95 lines (60 loc) · 4.53 KB

ContextBench metrics

ContextBench measures whether an agent read the right code while fixing a task. Benchkit also records whether the patch passed tests (SWE-Bench harness). Those are separate scores.

How to run: run-contextbench.md.

Gold vs what the agent read

Each task has gold context: the files and line ranges a human needed (in the dataset as gold_ctx).

Predicted context is rebuilt from the agent’s tool log (Read, grep, bash + sed, etc.) in trace.jsonl.

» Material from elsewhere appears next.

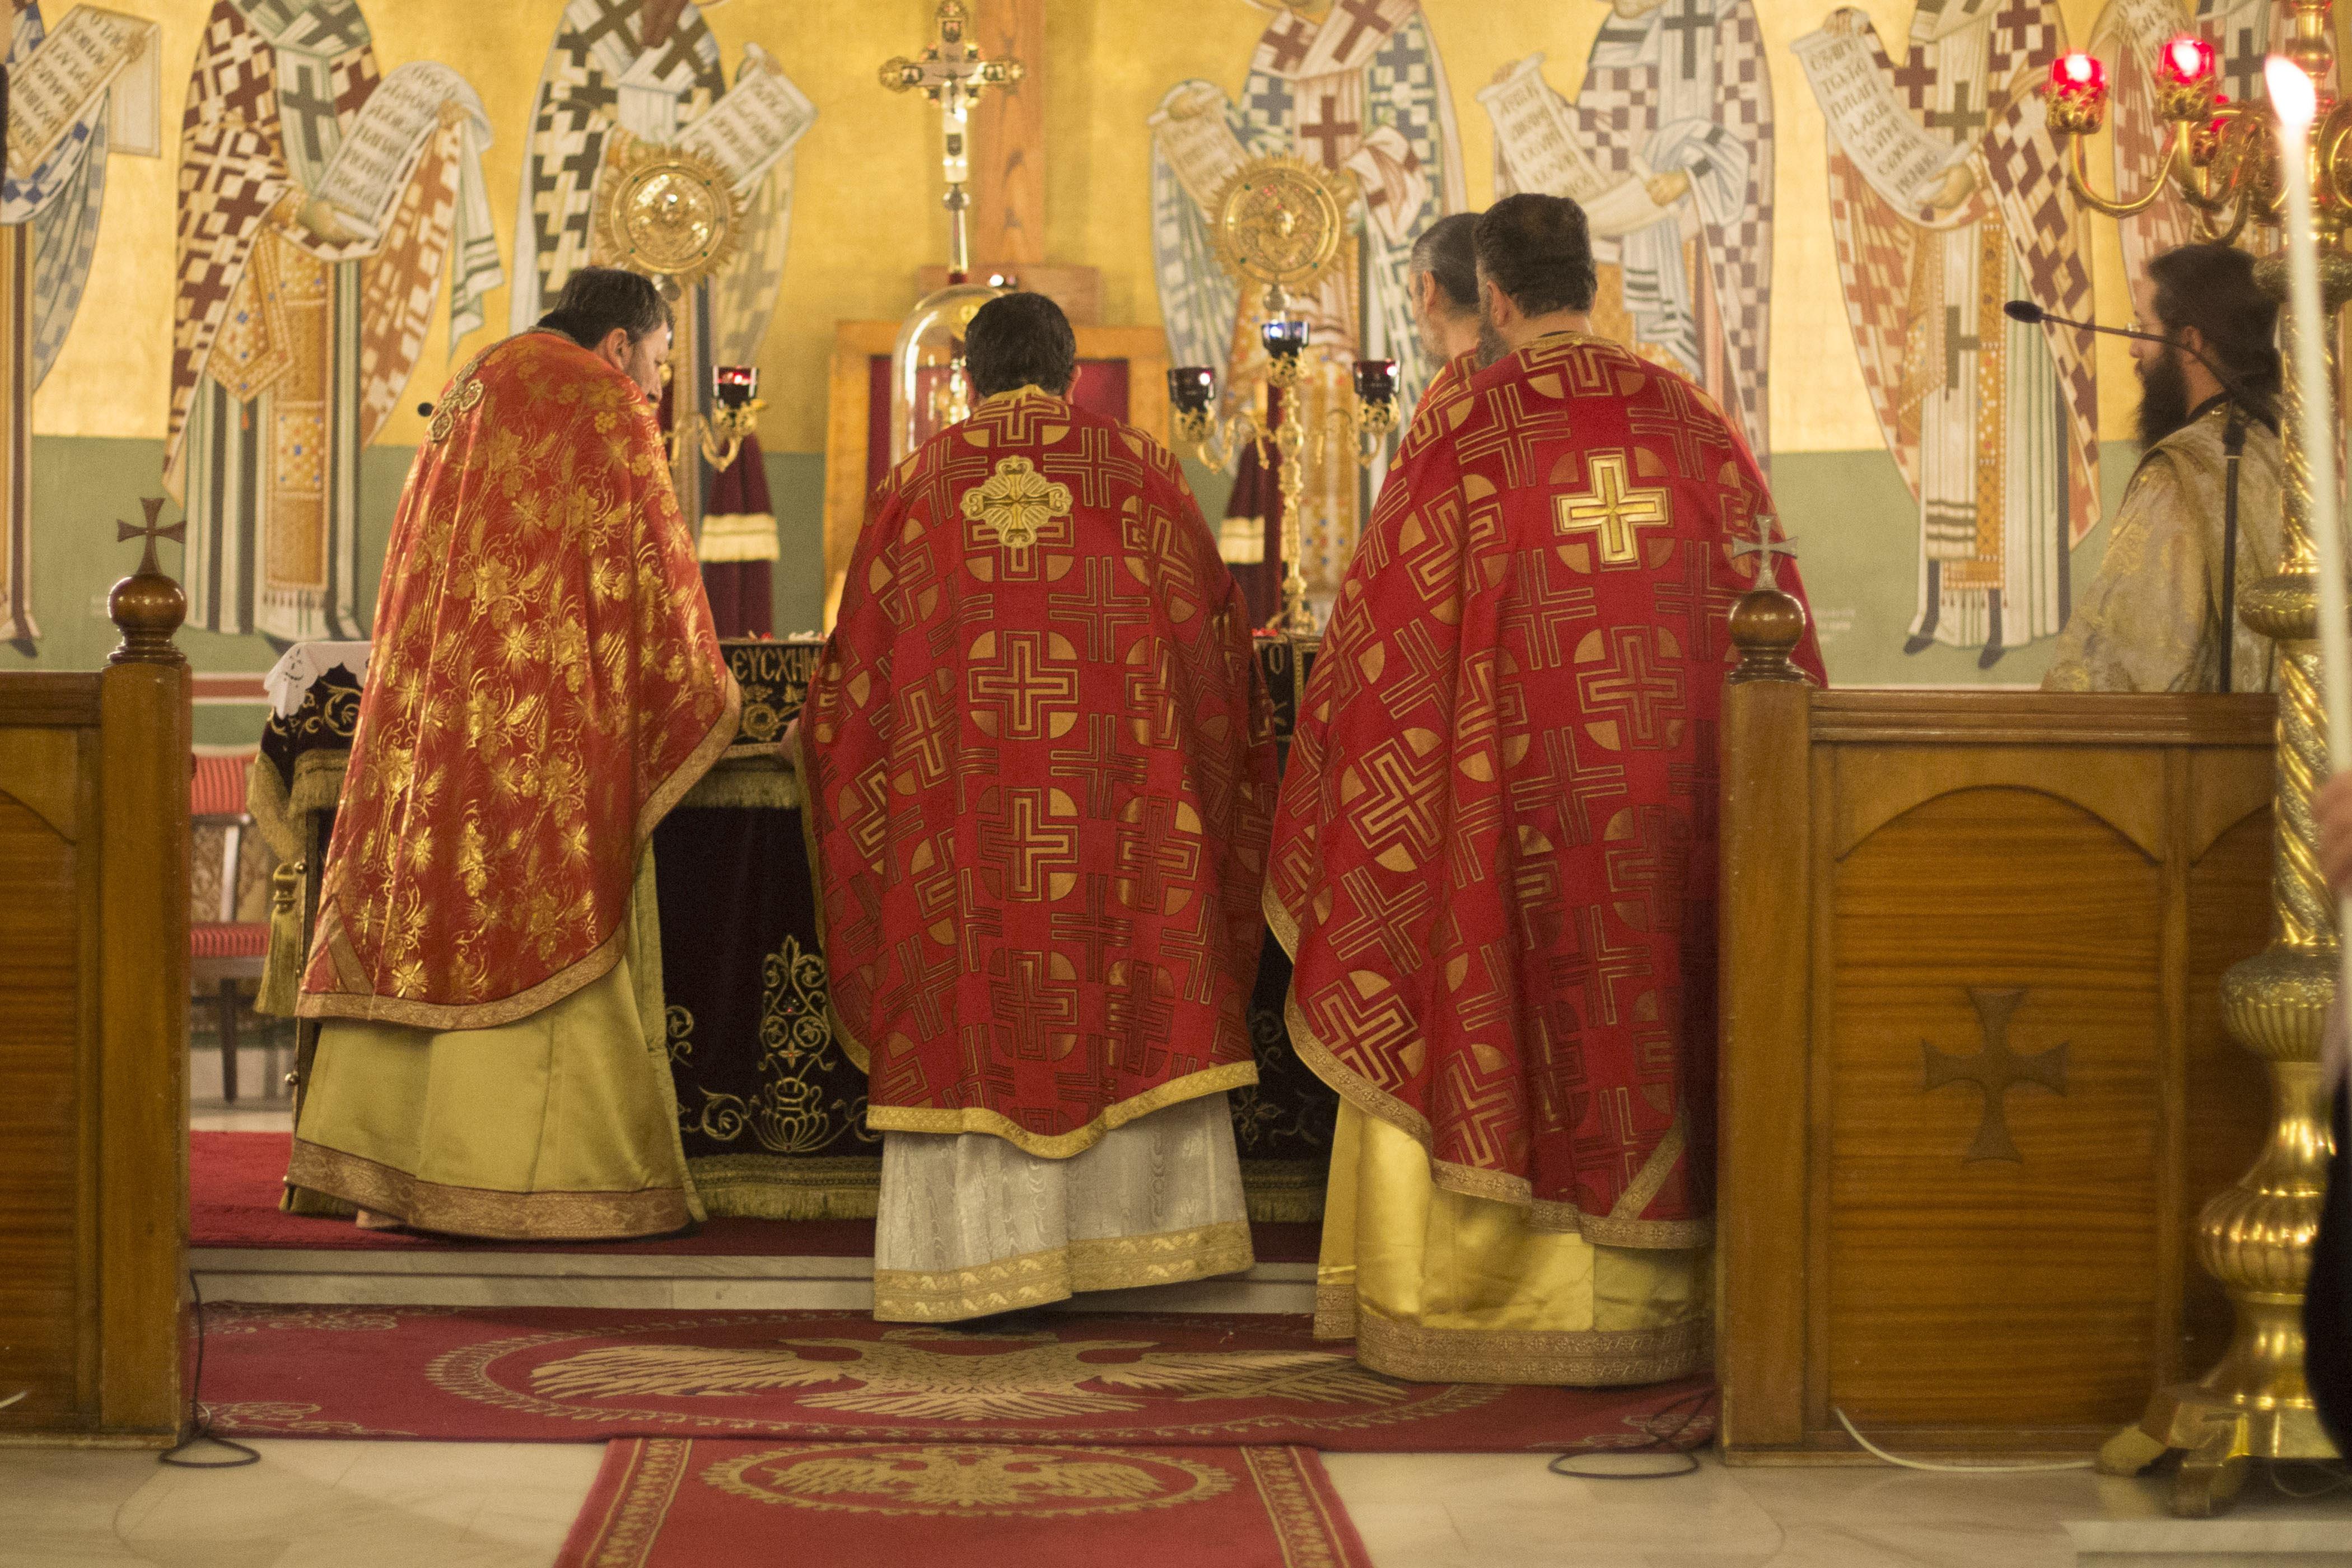 Kokaint rejtett a reverendája alá, savval támadt a püspökökre

For each granularity (file, line, byte-span, symbol):

Term in appendix Same as Formula
*_coverage Recall how much of gold the agent touched
*_precision Precision how much of what they read was actually gold
coverage  = overlap / gold_size
precision = overlap / pred_size

Final columns (contextbench_final_*) use the union of everything read by the end of the run. That is what papers often report for file / block (span) / line retrieval.

Trajectory metrics (contextbench_traj_*)

Final metrics only ask: “Did they eventually read the right stuff?”

Trajectory metrics ask: “When did they read it, and how wastefully?”

After each retrieval tool call, ContextBench computes cumulative coverage (all files/lines read so far vs gold). That produces a curve over steps, e.g. step 1 = 0%, step 2 = 25%, … step 9 = 70%.

Metric Plain meaning
AUC (traj_auc_*) Average of that cumulative coverage across steps. Higher = gold found earlier, not only in the last few reads. If final line coverage is 70% but AUC is 40%, they stumbled around before finding gold.
Redundancy (traj_redundancy_*) How much was re-read. High file redundancy = opened the same files many times. Line redundancy can stay low if each sed range is new.

Example: two agents both end at 70% line coverage. Agent A hits 70% on step 3; Agent B wanders until step 20. A gets a higher AUC; B may have higher redundancy.

Step-by-step values live in evaluator_resulttrajectory.steps on each appendix row.

EditLoc (contextbench_editloc_*)

Not “did they read well.” Not solve rate.

EditLoc checks: among lines removed in the agent’s patch, how many fall inside init_ctx (initial context regions from the dataset)?

Metric Meaning
editloc_recall / editloc_precision In practice both track the same thing here: fraction of deletion lines in the patch that land in init_ctx ranges

Add-only patches often score 0 EditLoc (pred_size: 0 deletions) even when the fix is correct and retrieval was good. Do not read EditLoc as Pass@1.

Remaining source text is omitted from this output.